Pella was a new city, Pausanias explained to me. "The old capital, Aigai, up in the mountains, it's got walls around it, all right. Built to be a fortress, Aigai is. But Olympias hated it there, so Philip moved his capital here, by the high road, just to please her."

The city was still being built, I saw as we rode closer. Houses and temples were being constructed from stone and masonry; before us as we approached was a large theater carved into the hillside. Up on the highest ground stood a cluster of columned buildings of polished granite: Philip's palace, Pausanias informed me.

"It's big," I said, meaning the palace.

"The biggest city I've ever seen," said Pausanias.

"You haven't seen Athens," came a voice from behind us.

Turning on my mount I saw it was Alexandros, golden hair shining in the morning sun, eyes aflame with inner passion.

"Athens is built in marble, not this gray, dull granite," he said. His voice was sharp, high-pitched. "Thebes, Corinth—even Sparta is more beautiful than this pile of rocks."

"When were you in Athens?" Pausanias asked icily. "Or Thebes. Or Corinth. Or—"

Alexandros shot him a glance of pure fury and darted past us, his black Ox-Head kicking dust in our faces as he galloped away.

Pausanias spat. "To hear him talk, you'd think he's been around the whole world in a chariot."

Half a moment later Alexandros' Companions dashed past and we got more dust in our mouths.
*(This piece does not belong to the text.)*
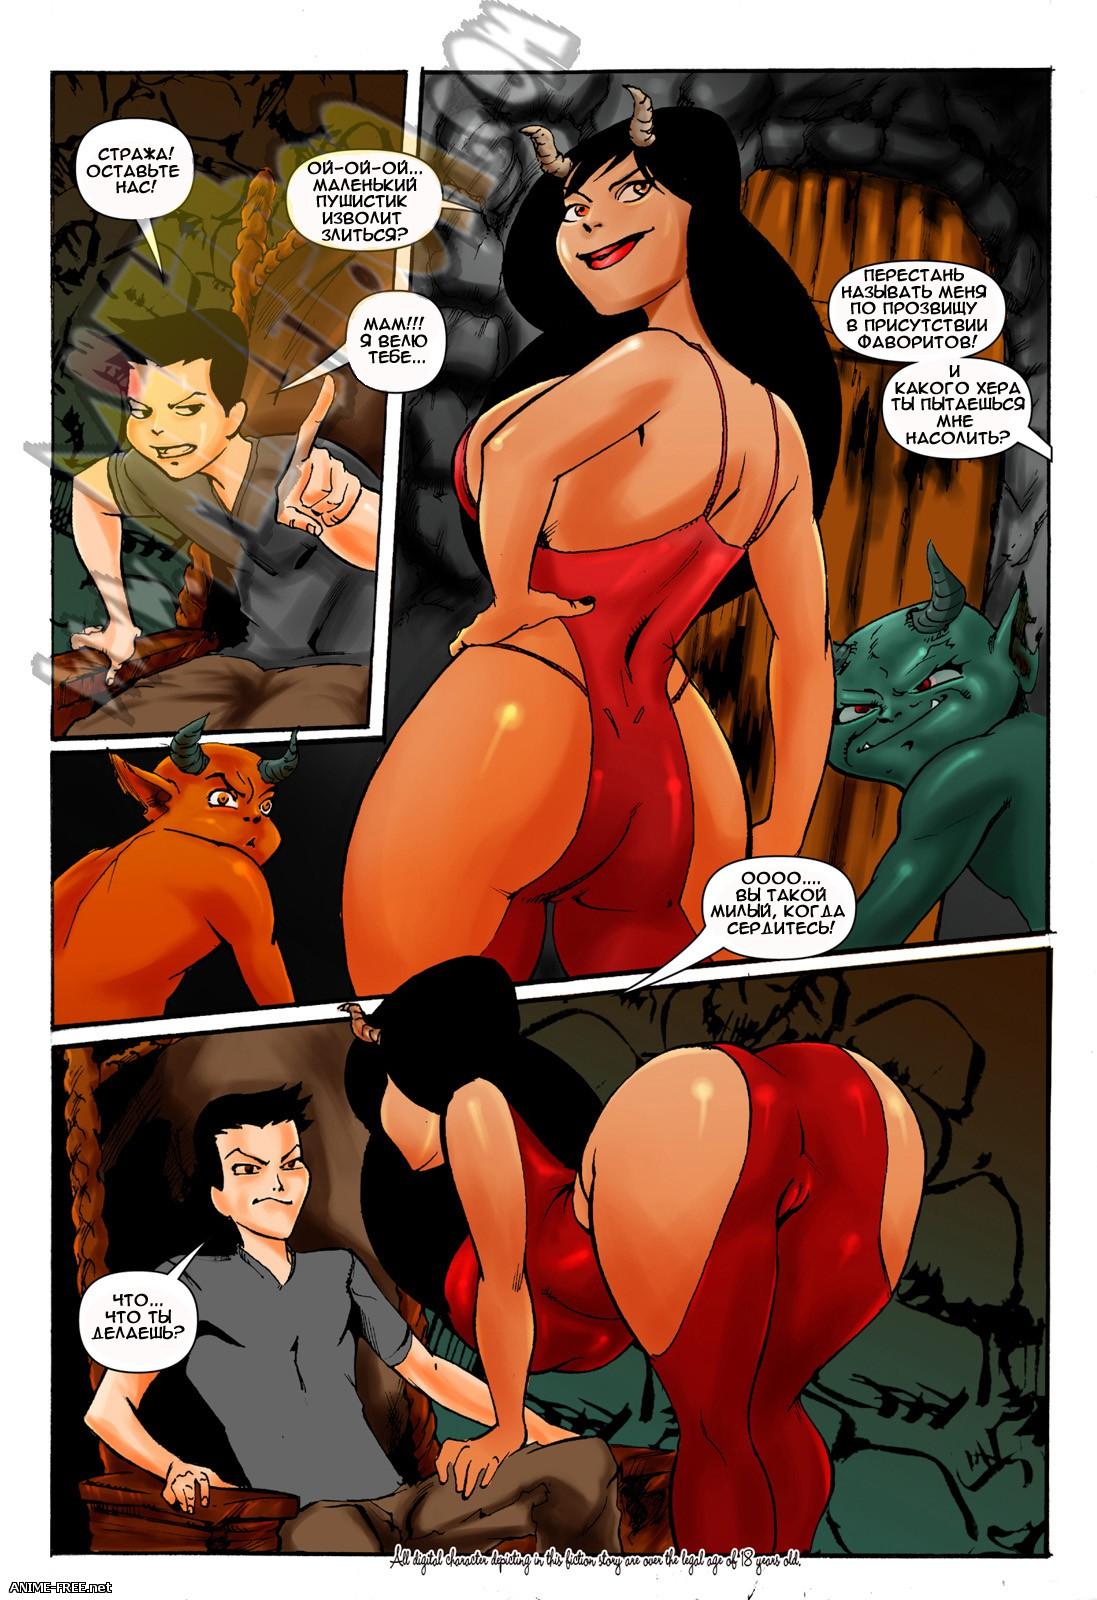 Incest comics 2 / Инцест комиксы (Часть 2) [Uncen] [RUS] Porn Comics

When we stopped for the noon meal Pausanias made us clean up our gear. Grooms brushed our horses, slaves polished our armor. We trooped into the city bright and shining, and the citizens of Pella came out into the streets to welcome us with flowers and warm shouts of victory. I did not feel particularly victorious, and my dream still troubled me. I wondered if there were anyone in the city whom I could trust to interpret the dream without denouncing me as a traitor for even dreaming of slaying the king.

Philip rode in our midst, and the people showered him with flowers and cheers. From what I had heard among the soldiers, when Philip had become king, less than twenty years ago, Macedonia was being carved up by its neighbors. Now Macedonia had either conquered those neighbors or forced them into alliances. Philip was so successful that his capital needed no wall around it. Now he was struggling to make himself master of all the region, from the Illyrians along the Adriatic Sea to the Byzantines on the Bosporus, from wild northern tribes along the Ister River to the mighty cities of Thebes and Corinth and even Athens herself.
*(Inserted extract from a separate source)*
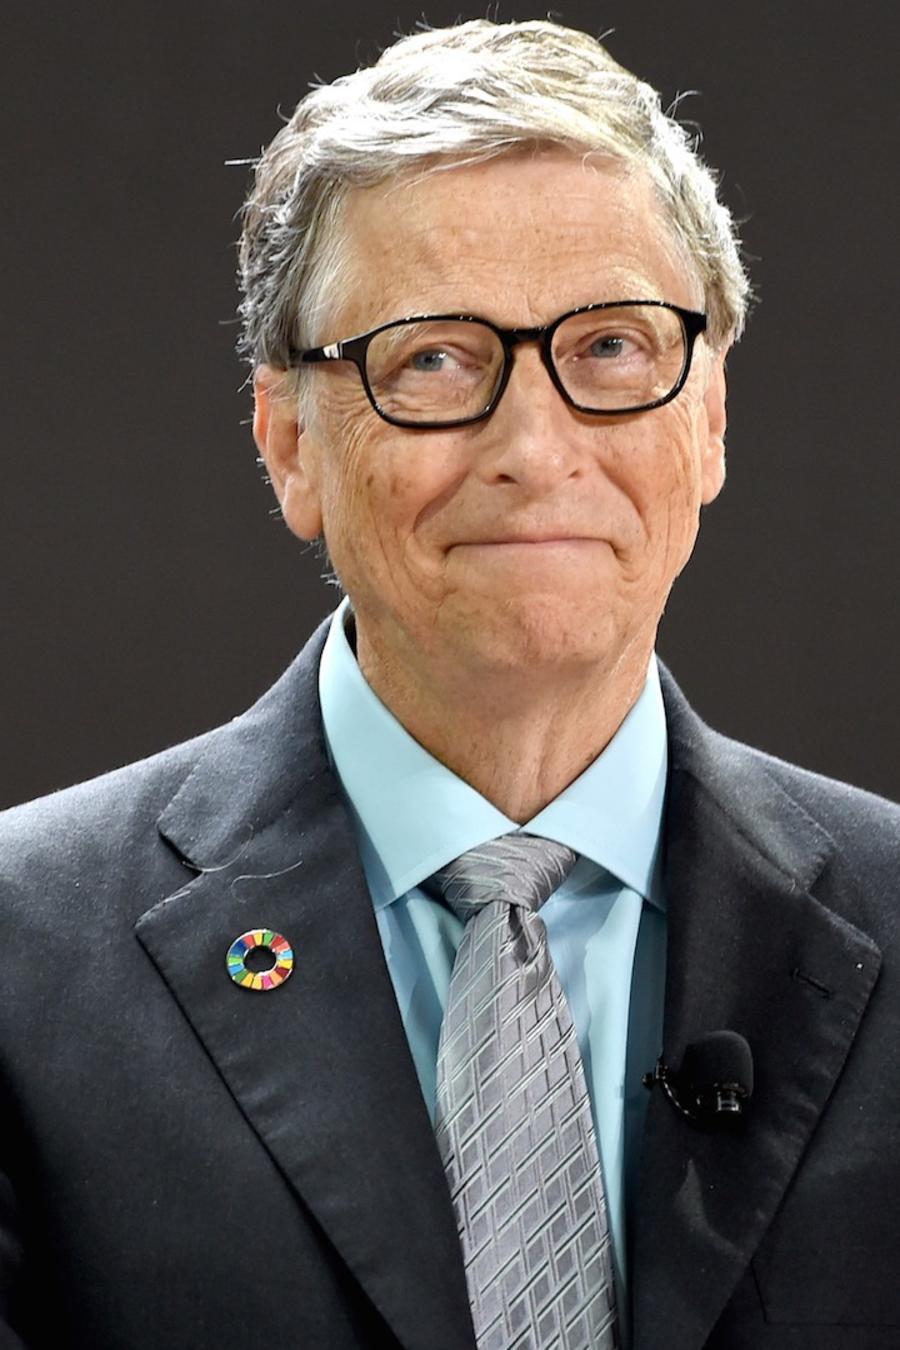 Bill Gates vistiendo un traje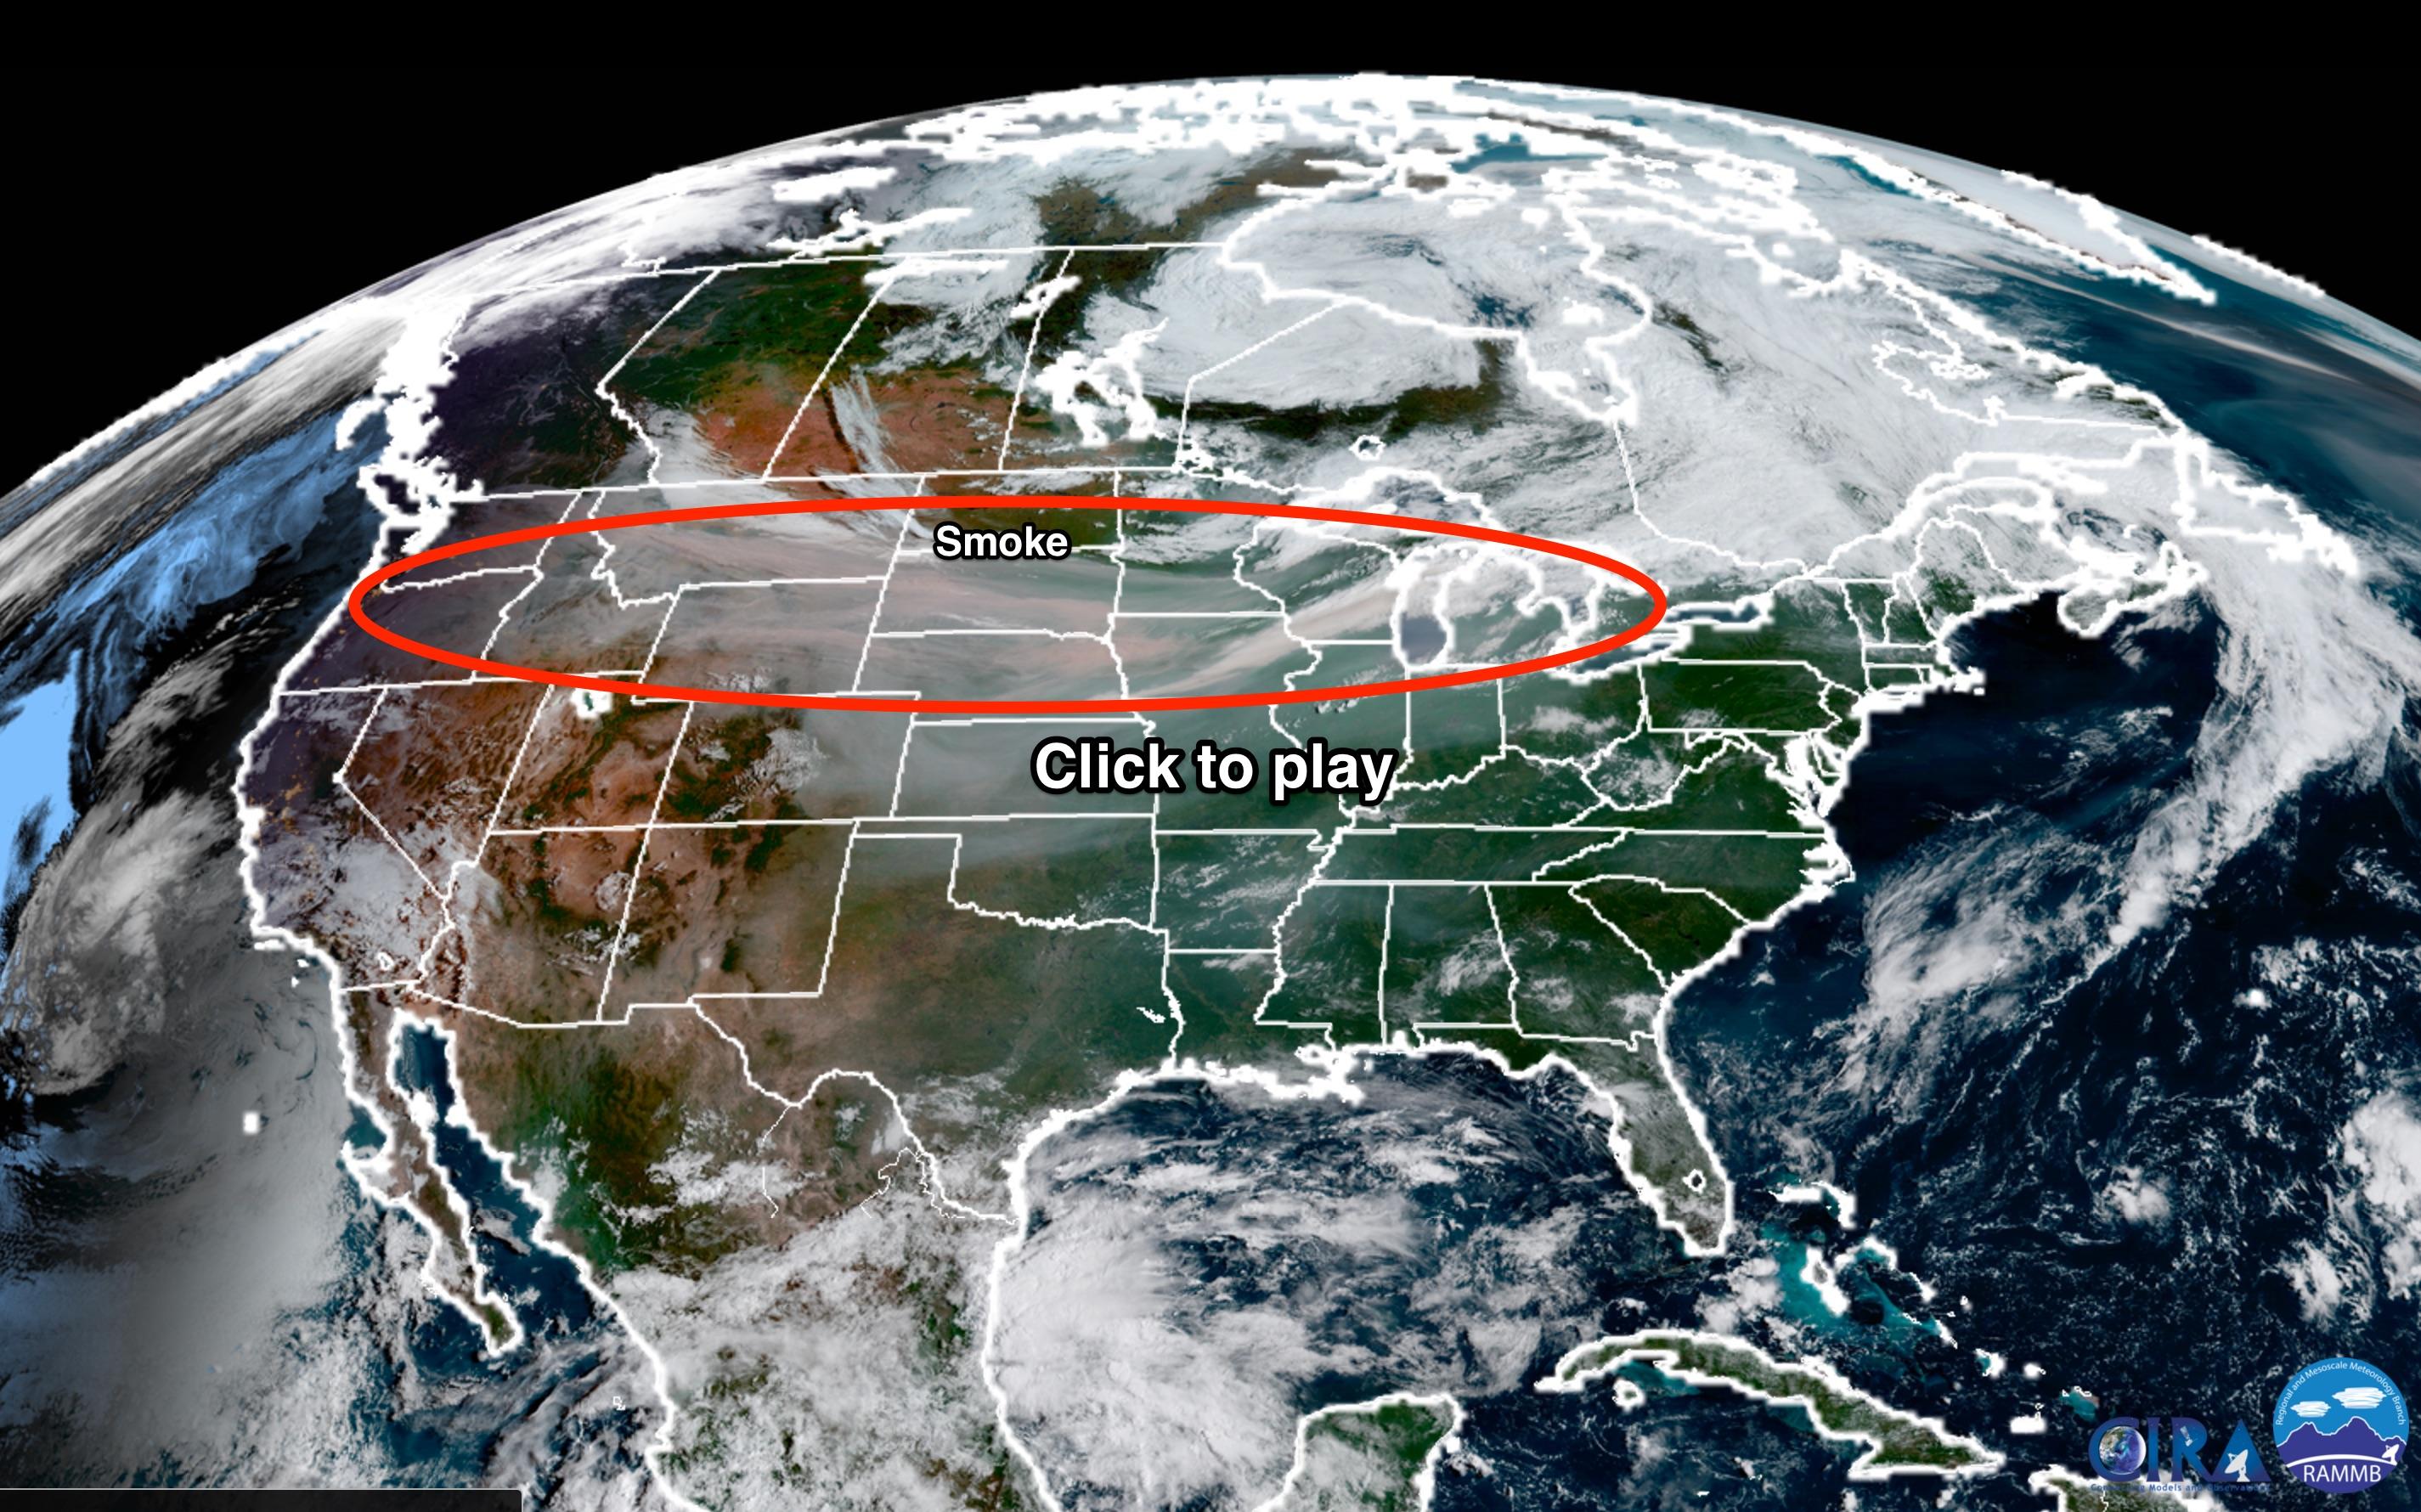 RAMMB_CIRA_SLIDER__GOES-16_Satellite_Imagery__Full_Disk_Sector__GeoColor__CIRA_-1.jpg

There was even talk of invading Asia, once the issue with Athens was settled, to free the Greek cities of Ionia and pluck the beard of the Persian High King.
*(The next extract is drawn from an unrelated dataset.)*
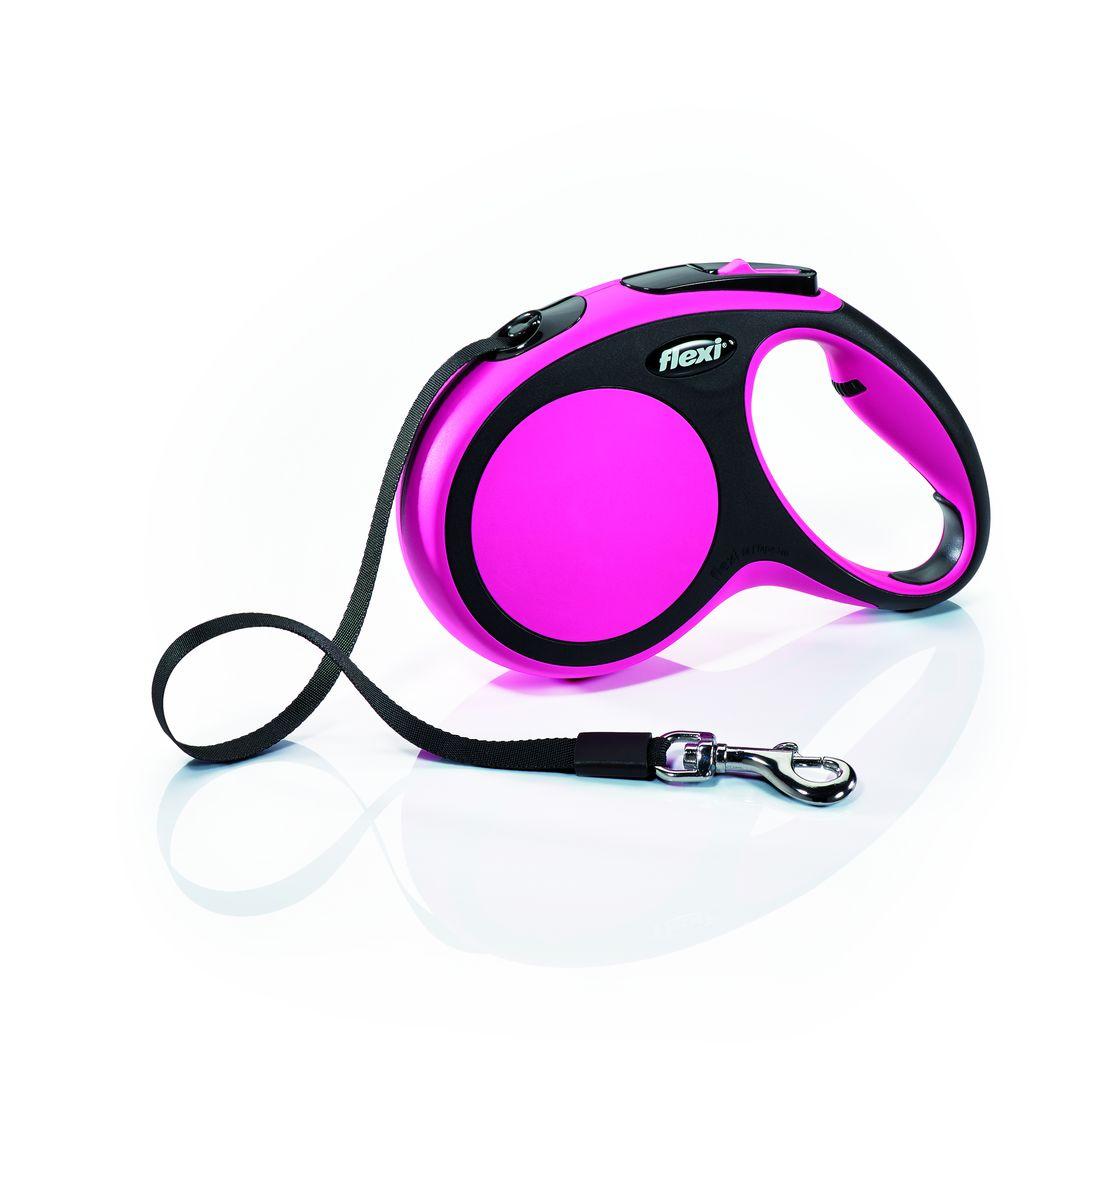 Поводок-рулетка Flexi New Comfort М, лента, для собак весом до 25 кг, цвет: черный, розовый, 5 м28216Ленточный поводок-рулетка обеспечивает собаке свободу движения, что идет на пользу здоровью и радует Вашего четвероногого друга. Рулетка очень проста в использовании. Оснащена кнопками кратковременной и постоянной фиксации. Рулетку можно оснастить - мультибоксом для лакомств или пакетиков для сбора фекалий, LED подсветкой корпуса. Прочный корпус, хромированная застежка и светоотражающие элементы. Лента поводка автоматически сматывается и поводок в процессе использования не провисает, не касается грунта и таким образом не пачкается и не перетирается. Поводок не нужно подбирать руками когда питомец подошел ближе, таким образом Ваши руки всегда чистые. На рукоятке имеется колесико позволяющее адаптировать размер рукоятки под размер руки Максимальный вес питомца: 25 кг Длина: 5 м

Up the wide main thoroughfare of Pella we rode, enjoying the crowd's welcome, until we passed through the gates of the palace wall. At home now, Philip prodded his horse to the front and thus was the first to arrive at the steps of the palace.

Standing at the top of the gray stone stairs, proud and regal, her flame-red hair tied up in spirals that made her seem even taller than she was naturally, her royal gown purest white with shimmering crimson borders, her incredibly beautiful face haughty and imperious, stood the woman from my dream who had called herself Hera.

I gaped at her.

"Close your mouth, Orion," whispered Pausanias harshly. "That's the queen you're staring at: Olympias."

It was Hera.

And she recognized me. She looked past Philip, who was stumping painfully up the stairs. I realized for the first time that in addition to all the other wounds he had suffered, Philip was nearly crippled. But that is not what stunned me. It was Olympias. Hera. She looked straight at me and gave me an icy shadow of a smile. Her blood-red lips moved ever so slightly, mouthing a single word:

"Orion."

She knew me. My dream had not been a dream, after all.